Dear Cary,
I know this may sound strange, but can a relationship be too good? My husband and I have never had a fight, ever. Never a raised voice, an annoyed tone, an awkward silence, despite plenty of situations where that would be the norm for a couple. We do occasionally disagree over something, usually small, but we have a civil discussion and resolve our difference.
We're not kids still googly-eyed in love. This is a second marriage for both of us. I came from a verbally and sometime physically abusive 10-year marriage. We fought all the time and I was miserable for years. He came from a 25-year marriage to a woman who didn't mature like he did and was threatened by his business success. She hated sex because of childhood abuse, but never wanted to get help for it. They didn't fight much, but after his mother's early death, he decided that he didn't want to spend the rest of his life in a loveless relationship.
When we met, we had an instant bond. We found our emotional refuge in each other and married fairly quickly. We have been together for five years now. It did occur to me that maybe this was a classic "rebound" relationship and we'd dissolve into "normal" bickering and spats, but that never happened. We're both easygoing and positive and I can truly say I love this man and nothing about his demeanor contradicts his love for me.
In relating our success story to others, I've had the strangest reactions. I've been told that it's not healthy to get along this well, and that one or both of us is repressing feelings that will explode someday into irreconcilable differences. I'm not holding anything back that I'm consciously aware of. Should I be worried that we're doomed? Should we be doing something else to maintain our good relationship?
Too Good to Be True
Dear Too Good,
Personally, I don't think a relationship can be too good. I wouldn't worry about it right now.
If you're looking for a dark side, though, I can think of one thing: You might get so used to things going well that when something challenging happens you're not quite ready for it. You might question the fundamental soundness of your relationship on the strength of a minor ripple.
I don't agree with those who say that this is somehow unhealthy or that you are repressing feelings that will explode one day. That's not how I see it. The only downside, as I said, that I can see is that you may not be prepared, or in practice for, some big instances of adversity.
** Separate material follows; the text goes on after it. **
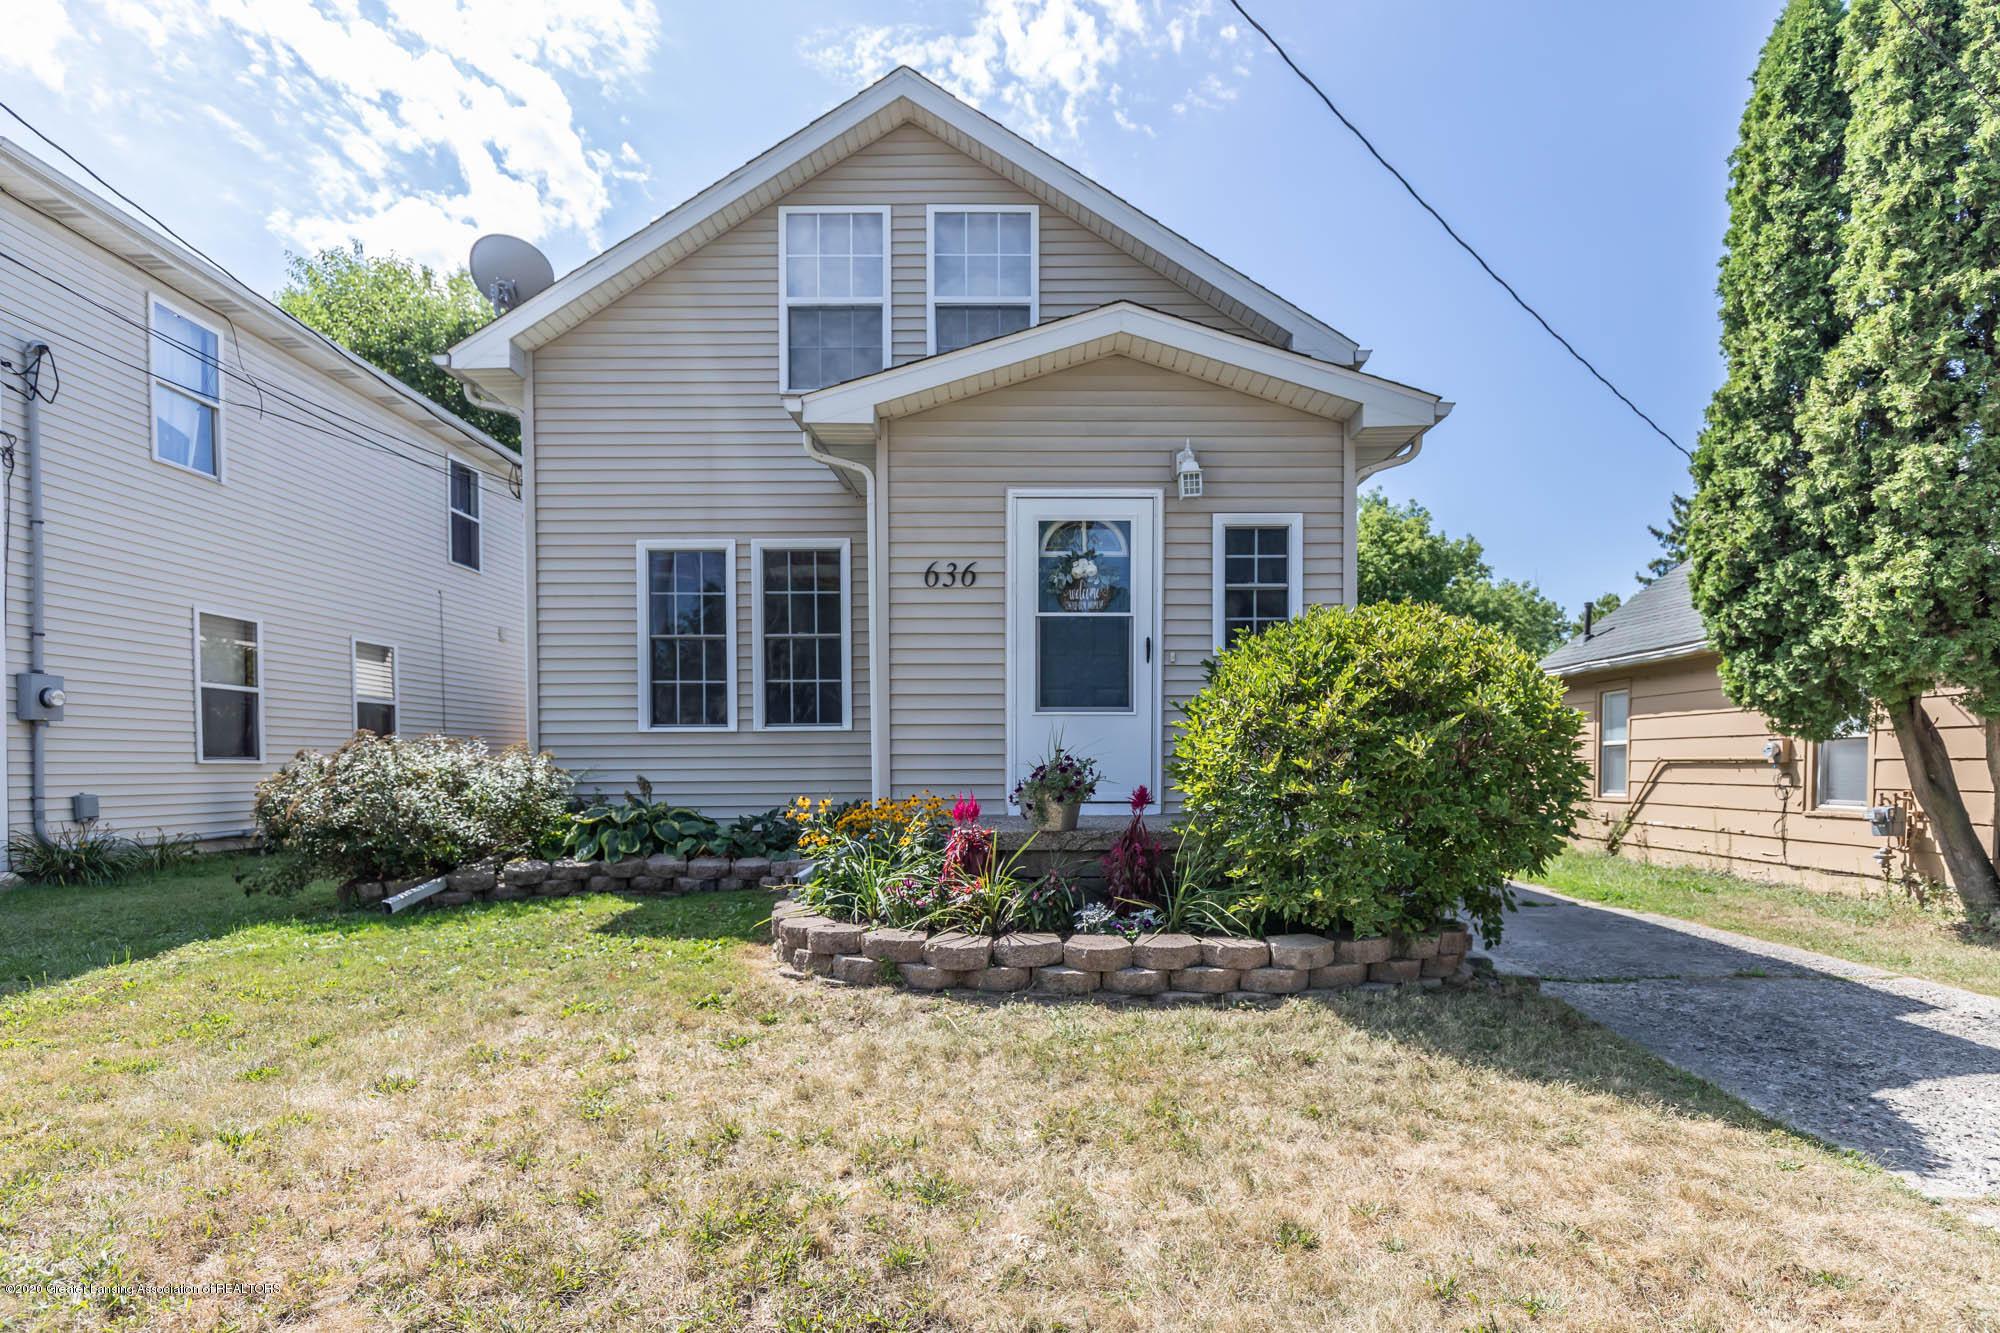 636 E Cavanaugh Rd - cavfront (1 of 1) - 1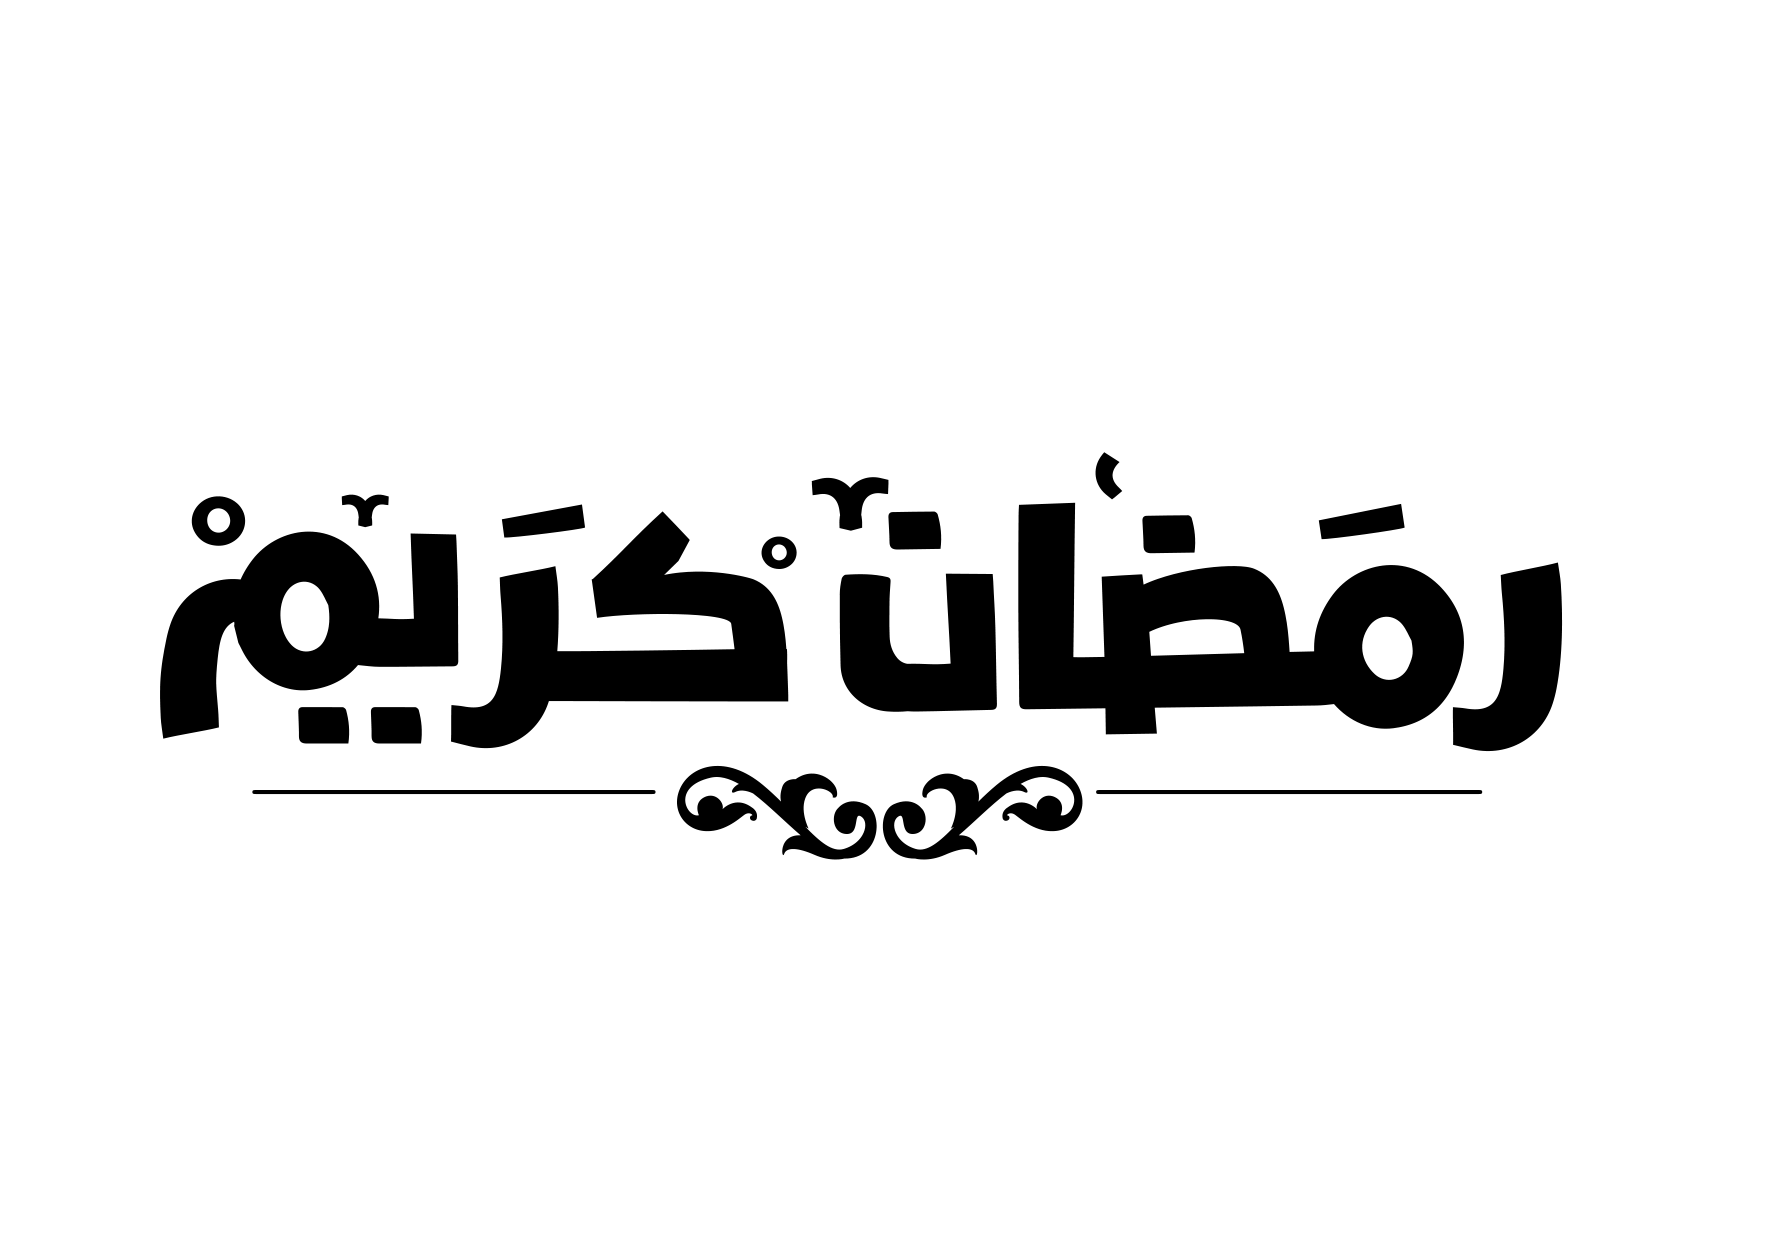 مخطوطه رمضان كريم مفرغه 12 15 مخطوطه لشهر رمضان بالخط الحر png

If some adversity should arise ... do you know how you and he will manage? If, say, you reach a point where you disagree on something fundamental and crucial?
While you don't want to disturb the placid waters unnecessarily, you might want to talk about how you would handle a big conflict if it should come up. And you might talk about what would happen if echoes of past traumatic relationships started to surface. I'm not sure exactly what that would be, but it's worth thinking about. You don't provide enough details about your work and family to provide specific examples, but life can often provide us with echoes of traumatic past events that really do challenge our equilibrium. If, for instance, he had some weakness that did cause him to become verbally abusive, you might be affected more strongly than you thought possible. Or if, for some reason, your sex life deteriorated, he might find echoes of his previous marriage.
So, more than being suspicious of the placid surface of life as hiding some repressed anger, I would just be aware that life as it is lived can pose challenges we aren't quite ready for, to disturb the placid surface of our lives and plunge us into turmoil.
But, hey, why go looking for it? Why stir up the waters unnecessarily? Just don't be surprised if it comes along. Try to keep in mind, if that does happen, that it doesn't mean there is something fundamentally wrong with your relationship. More likely, it would mean simply that you are living in the real world with the rest of us.
It's nice if it's perfect, but it doesn't have to be perfect.